Your assignment: Take the entries that follow and return exactly the lines from the one holding "7 Tips On Making" through the one holding "Penalties scored at World Cups since 1998", both included. Nothing else is needed.

Data for this task:

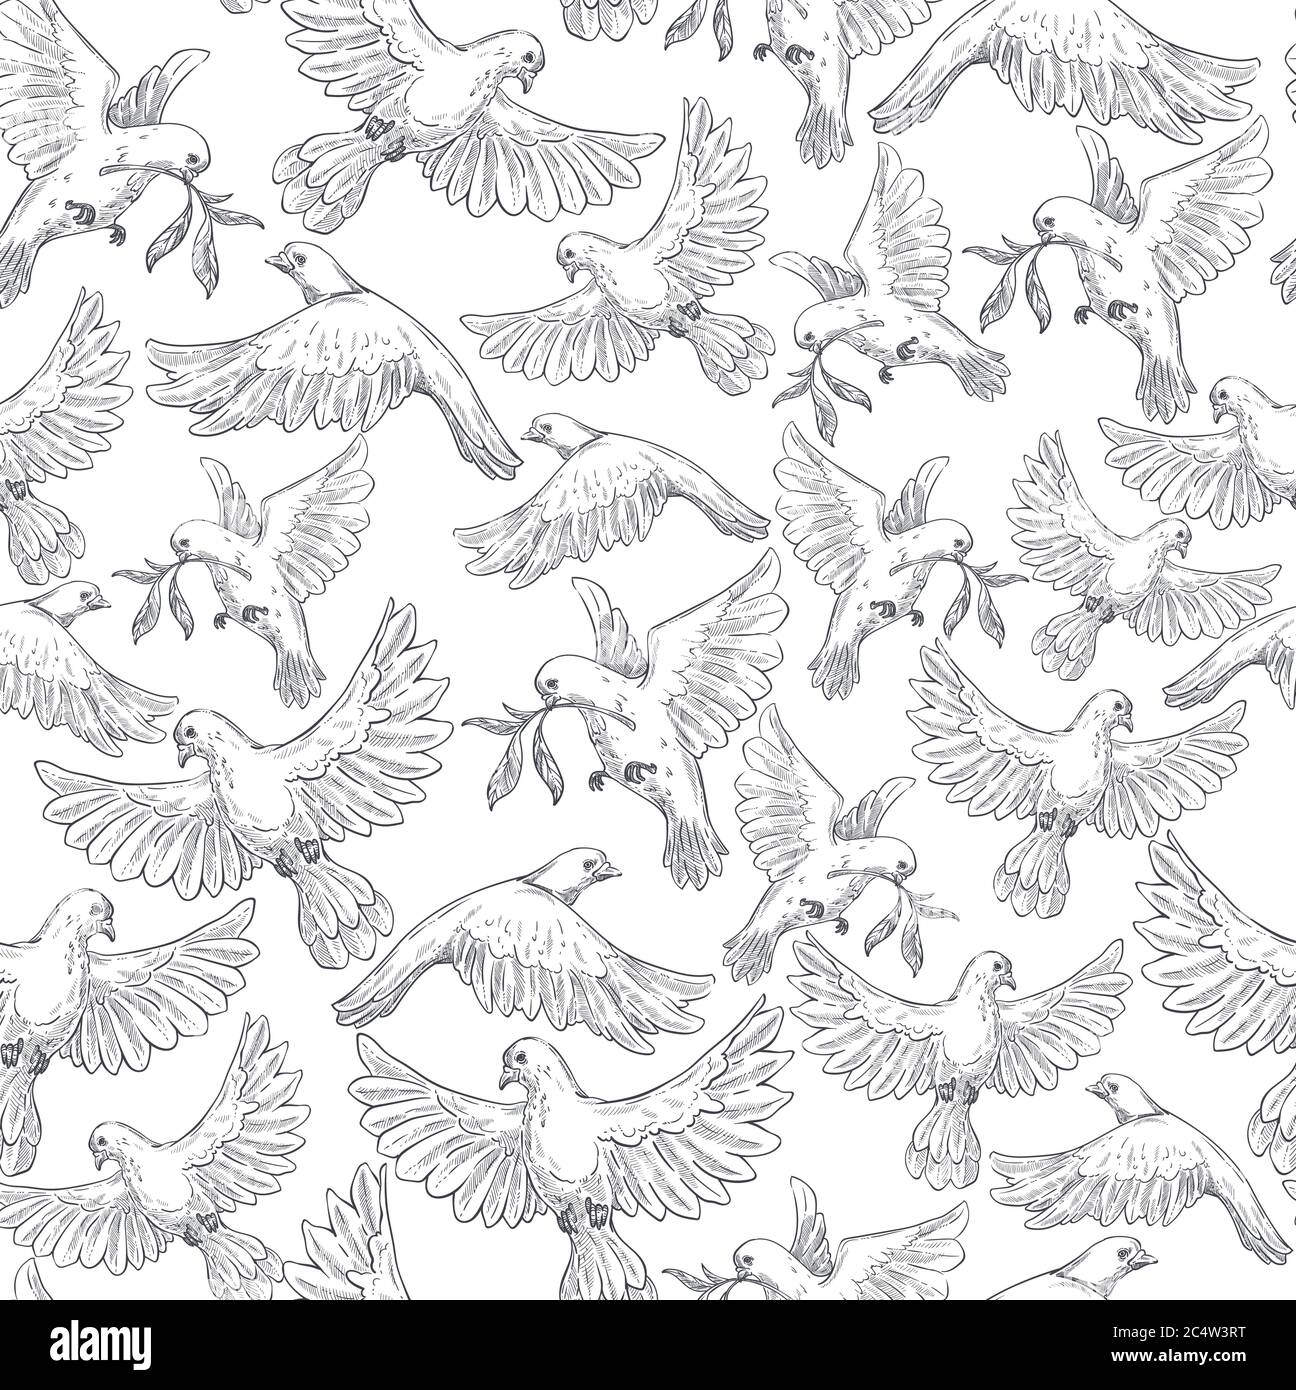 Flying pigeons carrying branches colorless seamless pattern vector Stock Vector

---

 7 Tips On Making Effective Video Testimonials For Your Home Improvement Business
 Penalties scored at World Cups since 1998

Solution to this task:
 7 Tips On Making Effective Video Testimonials For Your Home Improvement Business
 Penalties scored at World Cups since 1998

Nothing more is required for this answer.